Отметим, что первый (немой) и третий (звукозрительный) периоды близки по активности монтажа, но в любом случае, как бы ни менялась интенсивность монтажа, он в конечном итоге решает одни и те же задачи. Мы всегда видим на экране не действие, а изображение действия. Сцены снимаются раздельно, законы, по которым они соединяются, есть монтаж.

Разумеется, произведение любого искусства монтируется из частей. Эйзенштейн исследовал метод монтажа в произведениях Леонардо да Винчи, Мопассана, Пушкина. Попробуем и мы привести примеры монтажного мышления в живописи и поэзии.

В Русском музее вокруг картины Репина «Запорожцы пишут письмо турецкому султану» экспонируются предварительные эскизы к картине, теперь они представляются, говоря кинематографическим языком, кадропланами, которые смонтированы в названную картину: поучительно, как предвидена крупность той или иной фигуры, ракурс, в котором мы ее видим; наконец, целесообразность расположения одной фигуры по отношению к другой.

Или поэзия - у Шевченко в поэме «Катерина» есть такая «сцена»:

«Бежит по лесу босая,

И в сугробах тонет,

То Ивана проклинает,

То просит, то стонет.

До опушки добежала -

Да к пруду спустилась,

Возле проруби широкой

Вдруг остановилась.

Прими, боже, мою душу,

И ты - мое тело!…

И вода над нею глухо,

Глухо прошумела»[1].

Состояния монтируются не только монтажно, но последовательной сменой места (лес, сугробы, опушка, пруд); меняется восприятие плана по крупности изображения: вначале - босые ноги, в конце - прорубь; как в кино монтаж не только соединяет, но и разъединяет приемом опущения моментов действия (Катерина преодолевает расстояние от леса до проруби за время, необходимое для темпоритма данного куска); есть и прием непрямого изображения: мы не видим, как она бросается в прорубь, лишь «вода над нею глухо, глухо прошумела»; действие, таким образом, начавшись на общем плане, завершается на крупном, и он вступает внезапно, тревожно, словно ударом трансфокатора.

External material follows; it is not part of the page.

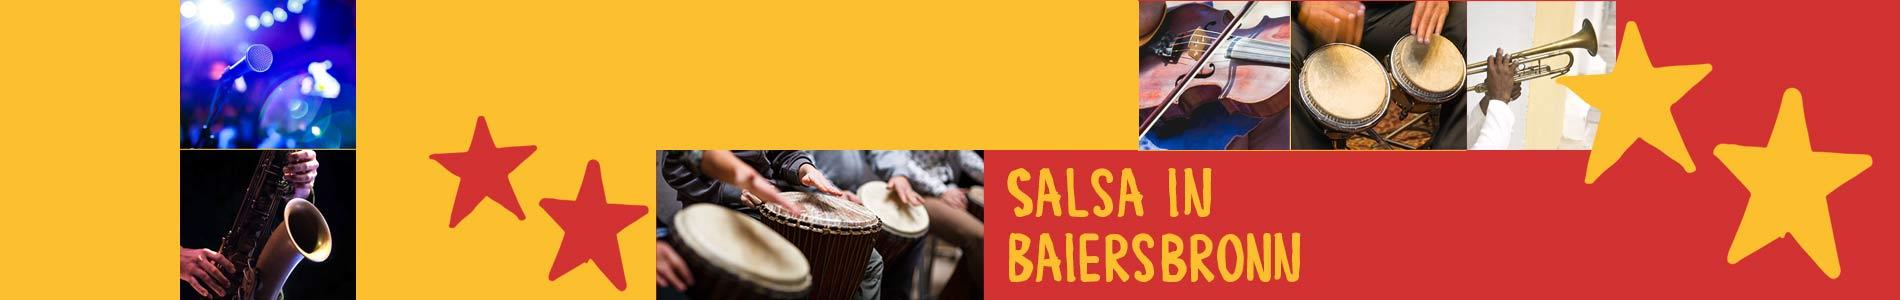 Salsa in Baiersbronn – Salsa lernen und tanzen, Tanzkurse, Partys, Veranstaltungen

Кинематографистов, пытающихся принципы монтажа находить в смежных искусствах, могут упрекнуть в навязывании своего экранного видения неэкранным искусствам. Однако это было бы несправедливо. Во-первых, такие опыты позволяют кинематографические приемы воспринимать не только в их узкотехнологическом значении, но и в связи с общетеоретическими законами творчества. Во-вторых, оправданность такого подхода состоит в том, что он встречается не только постфактум (кинематографисты, так сказать, задним числом видят монтаж в произведениях докинематографического искусства), но и априори - имею в виду предчувствие кинематографического монтажа у теоретиков искусства, еще не знавших кино.

Здесь считаю уместным вспомнить, как некогда Дидро мечтал о том, чтобы на театре можно было показывать сцены, не следующие одна за другой, а когда сюжет пьесы этого требовал бы, показывать их одновременно. «Можем ли мы представить что-либо на нашем театре?- писал он.- На нем можно показать только одну сцену, между тем как в действительности разные сцены почти всегда происходят одновременно, и их одновременные показы взаимно усиливают друг друга, производили бы на нас потрясающее впечатление»!.

Дидро предполагал, что когда-либо изменится «характер драматического жанра» и тогда «появится гениальный человек, который сумеет сочетать пантомиму с живым словом, перемежать сцены разговорные с живыми и пользоваться сопоставлением обоих видов сцен, а особенно сопоставлением трагическим или комическим, этих двух жанров сцен»[2]. При этом Дидро заметил, что такое развитие действия не ослабит впечатления, ибо, в конце концов, две параллельные сцены сольются в одну.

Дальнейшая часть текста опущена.